## Data section
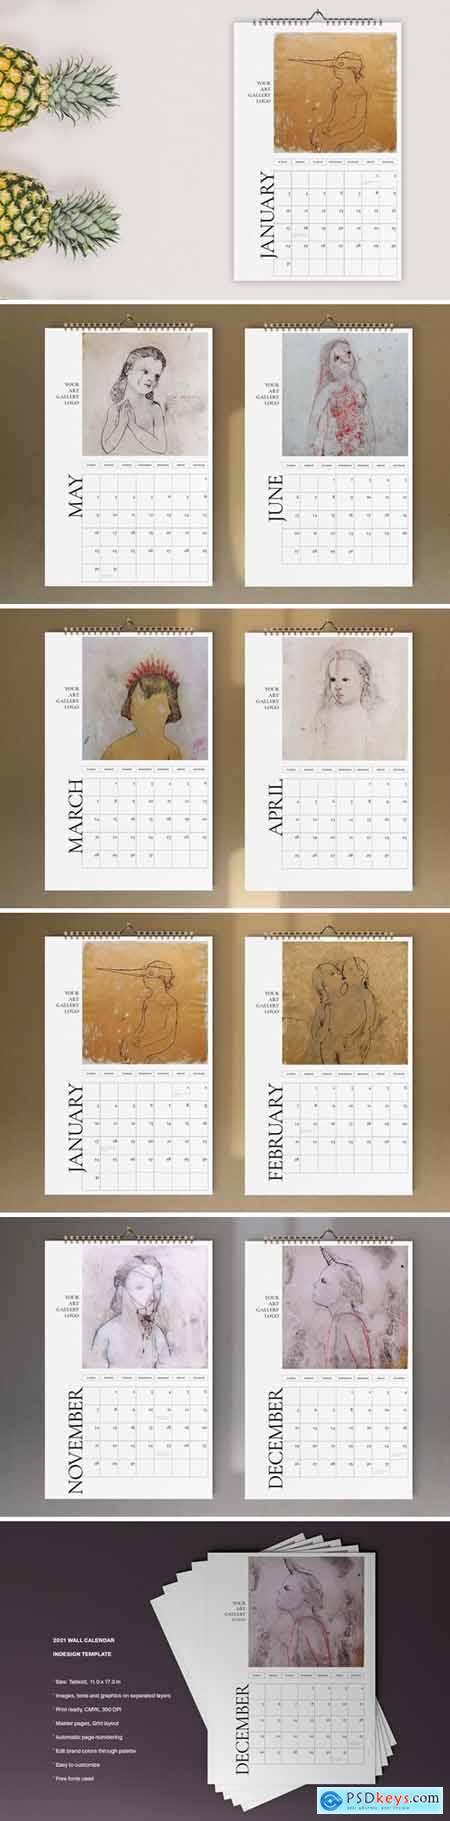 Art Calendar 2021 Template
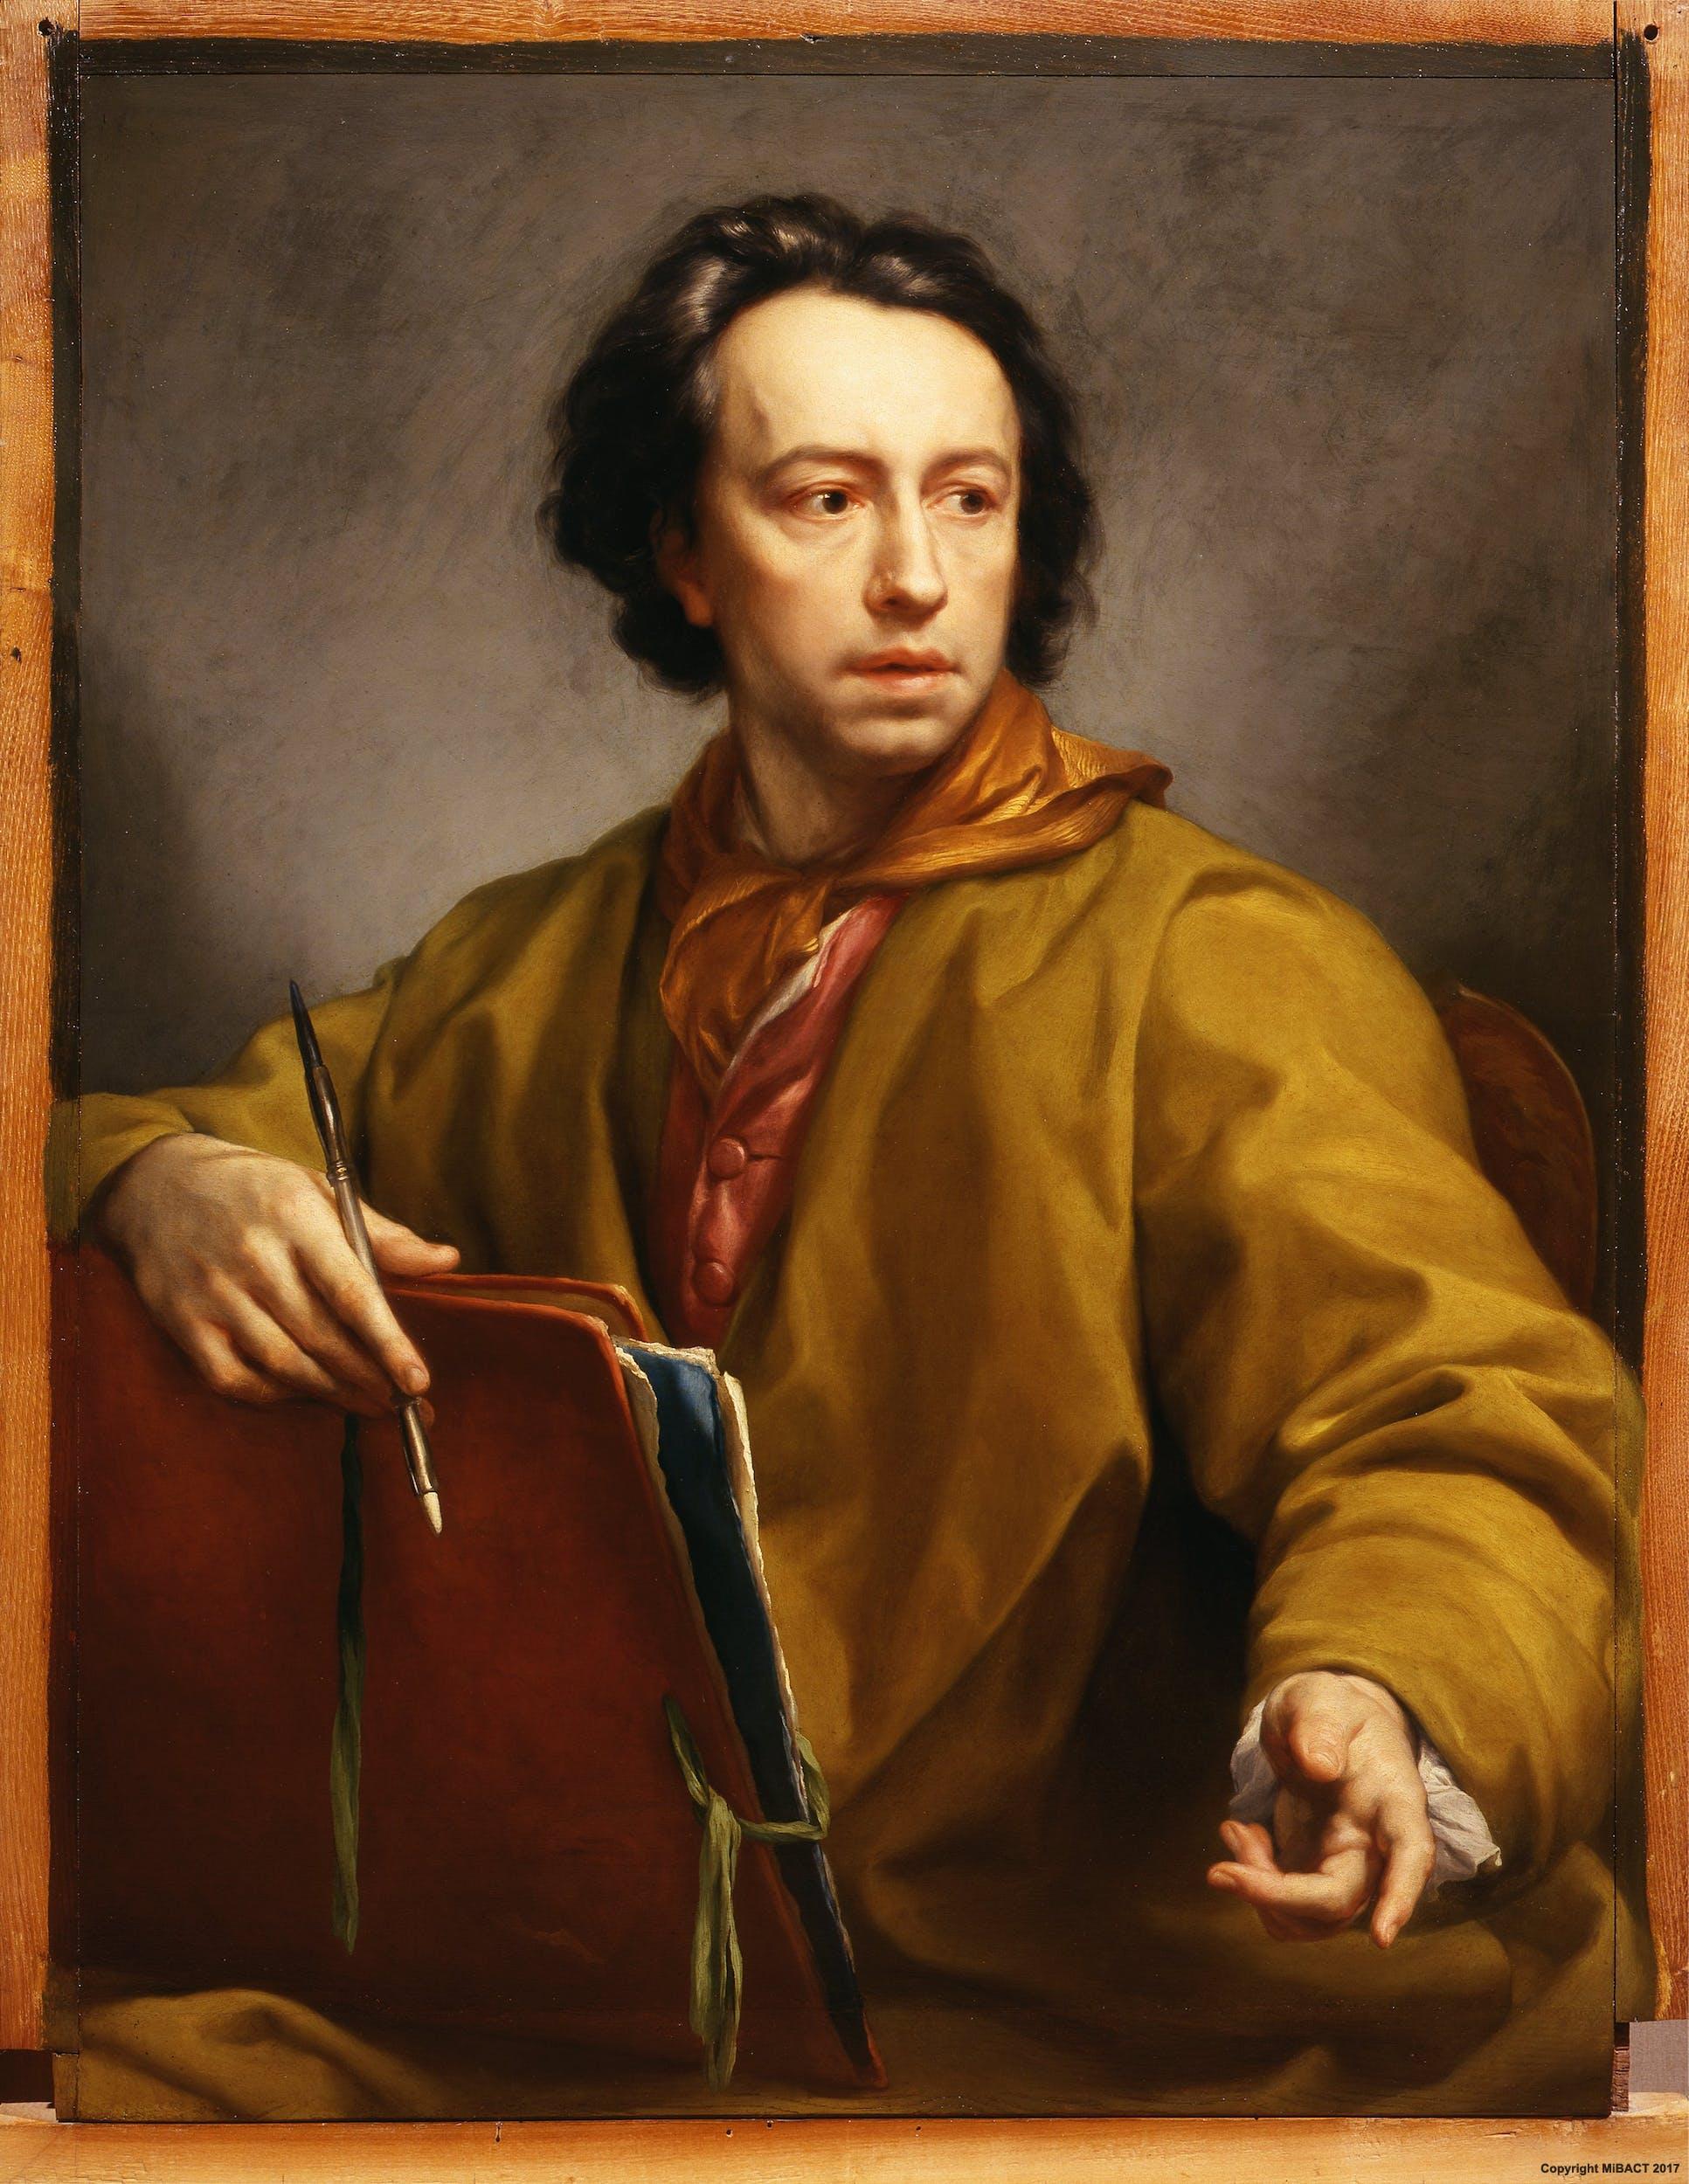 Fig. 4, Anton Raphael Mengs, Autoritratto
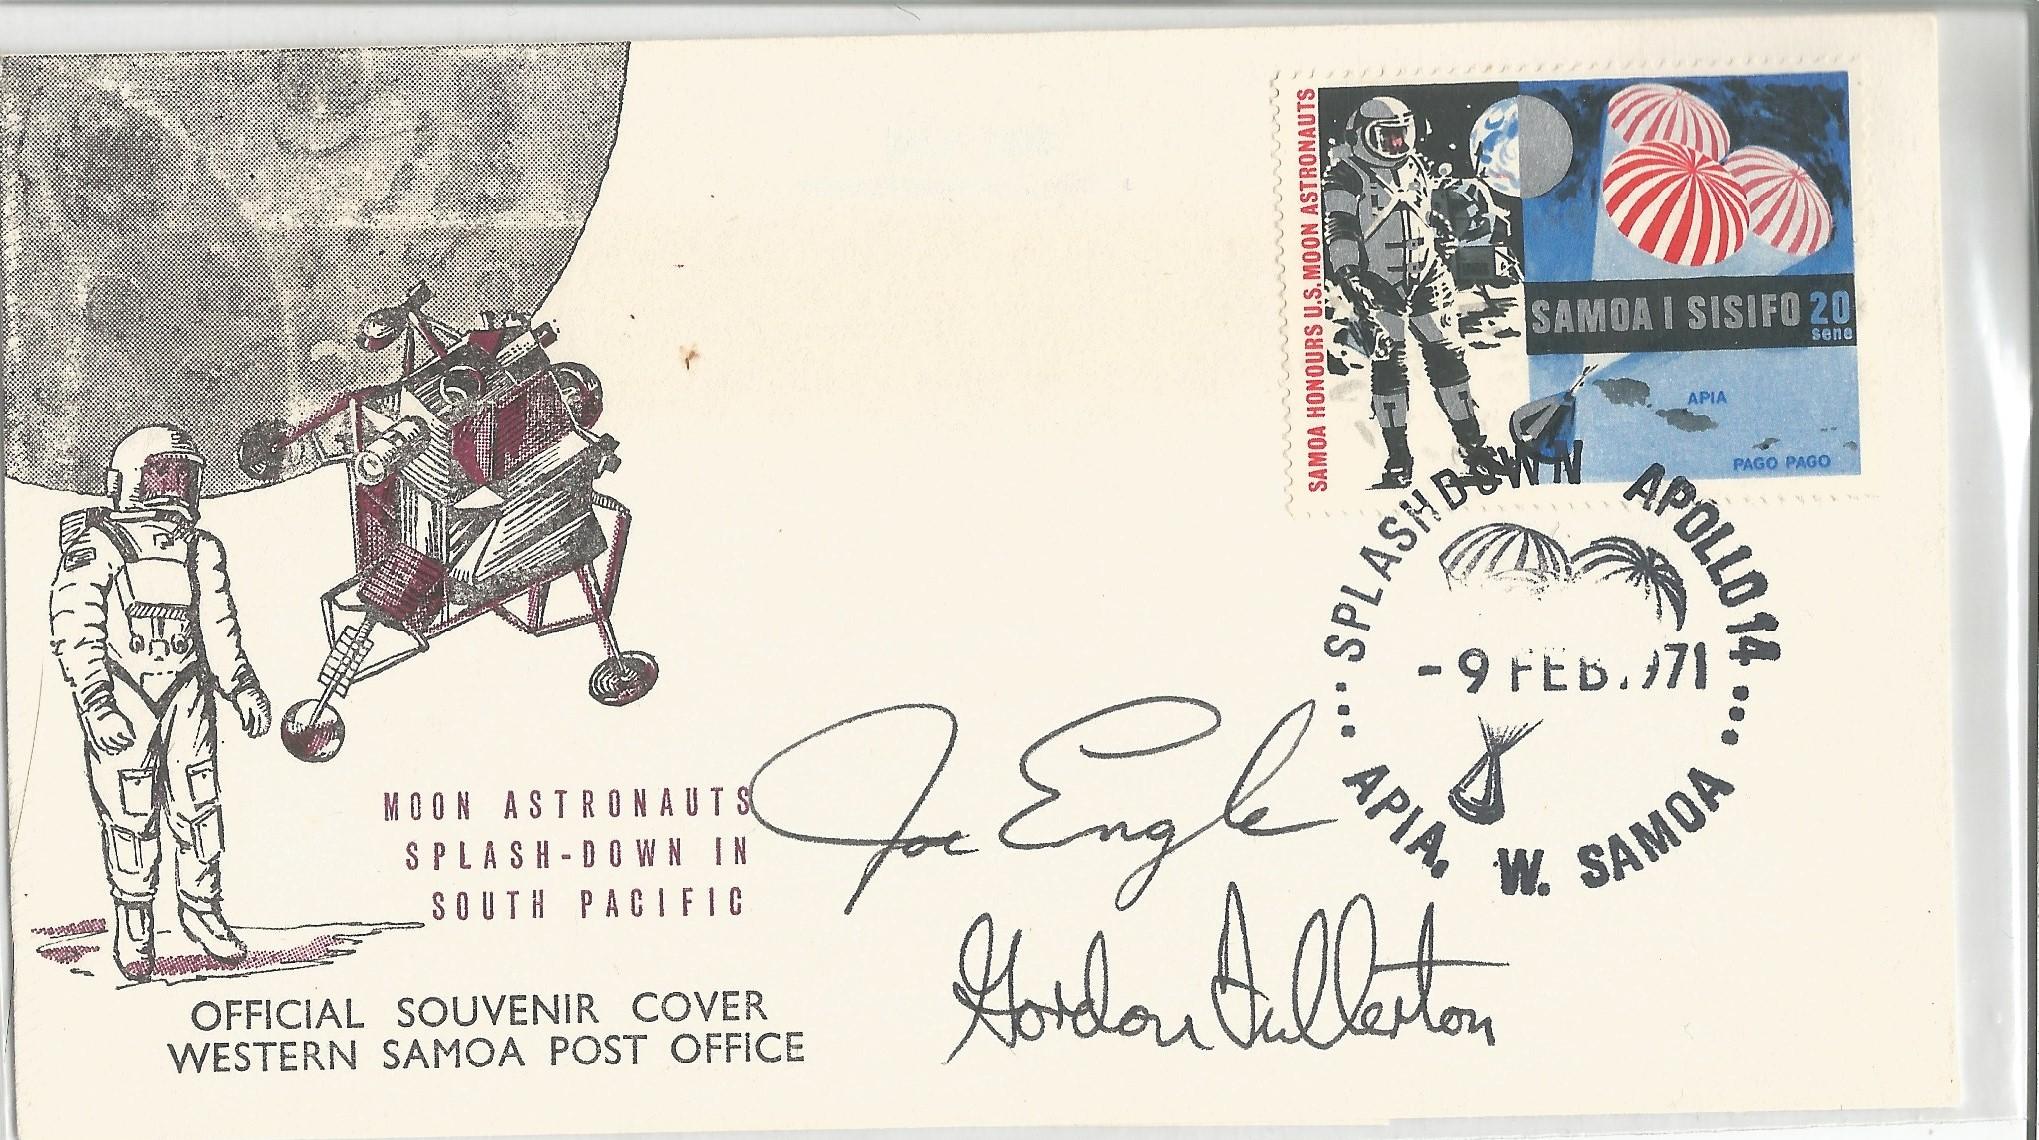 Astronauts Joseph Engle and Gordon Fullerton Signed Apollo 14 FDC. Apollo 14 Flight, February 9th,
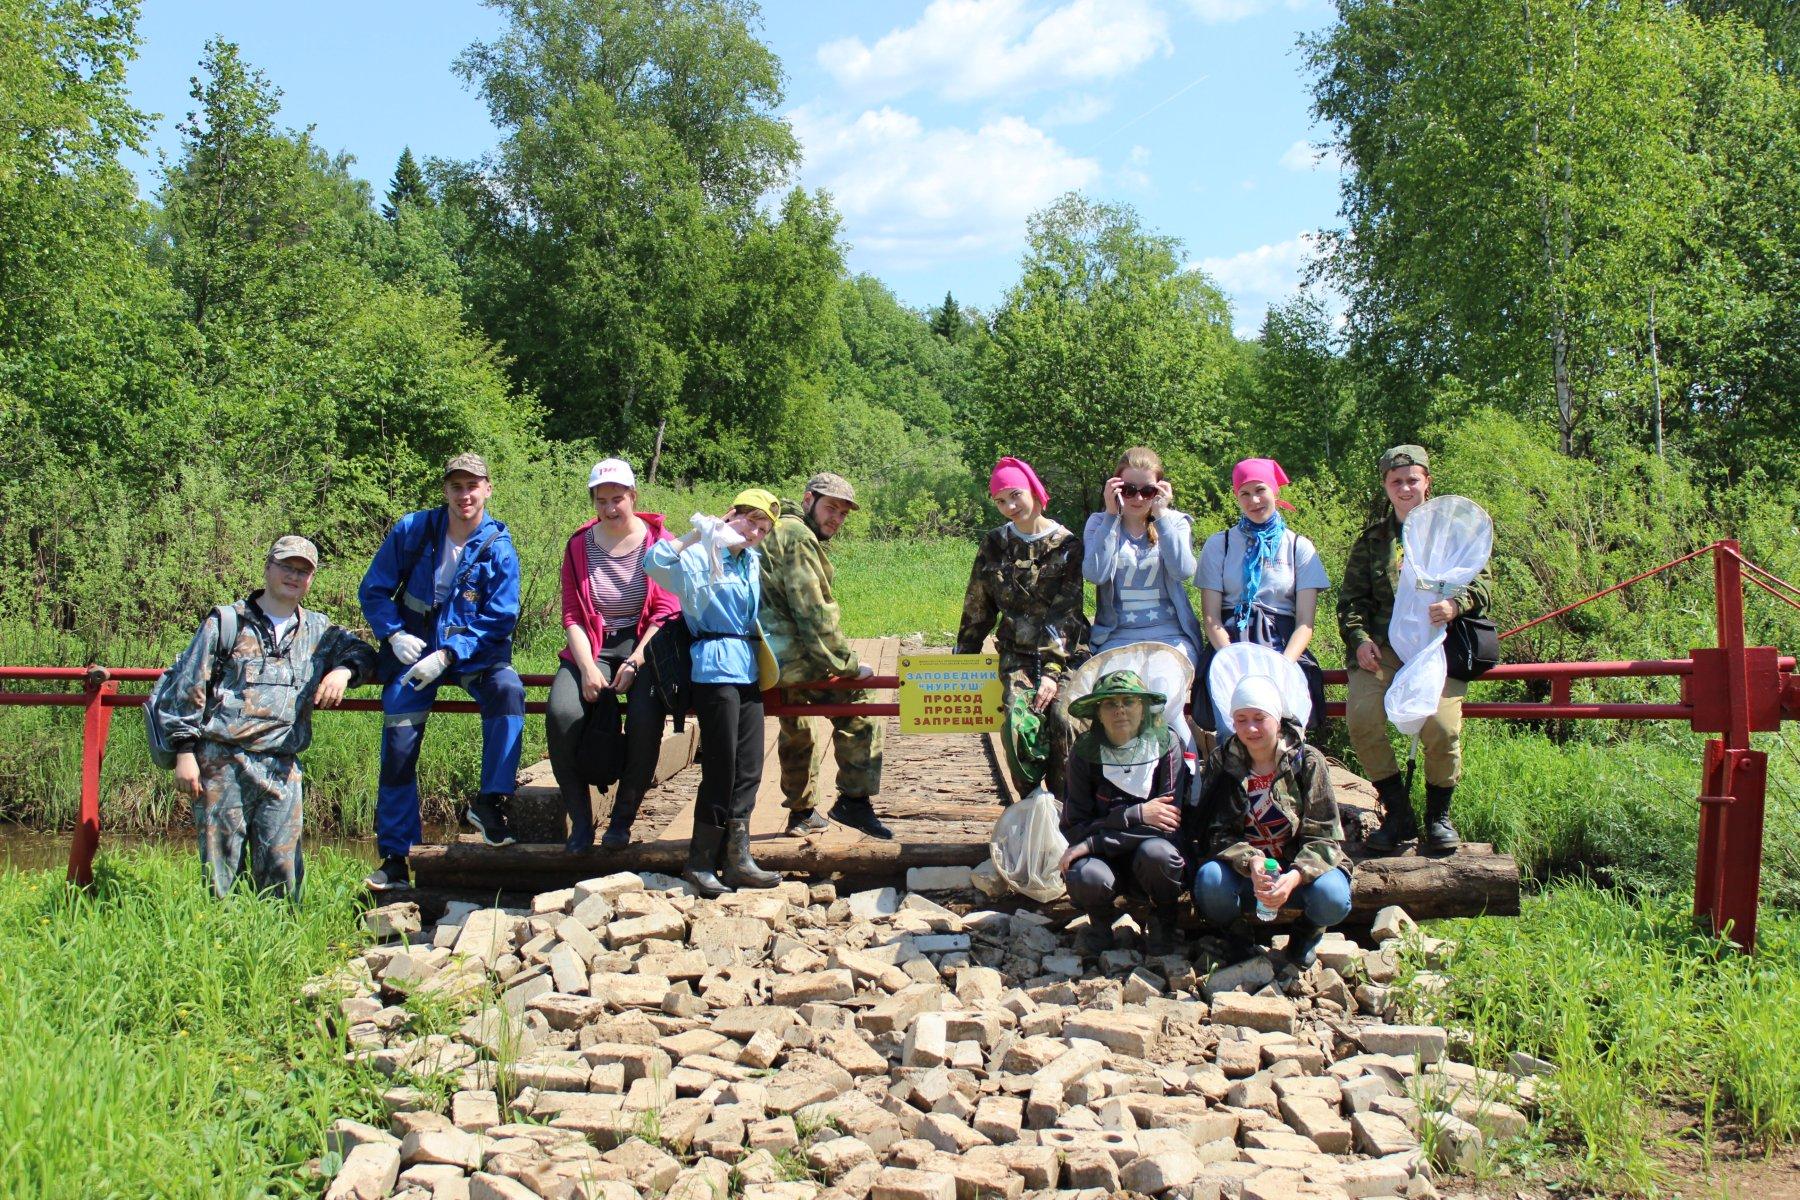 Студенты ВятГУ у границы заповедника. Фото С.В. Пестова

## Work to be completed
The output consists of exactly the lines from the one containing "Fig. 4, Anton Raphael Mengs, Autoritratto" through the last line of the listing, both included, with no pictures.

## Response below
 Fig. 4, Anton Raphael Mengs, Autoritratto
 Astronauts Joseph Engle and Gordon Fullerton Signed Apollo 14 FDC. Apollo 14 Flight, February 9th,
 Студенты ВятГУ у границы заповедника. Фото С.В. Пестова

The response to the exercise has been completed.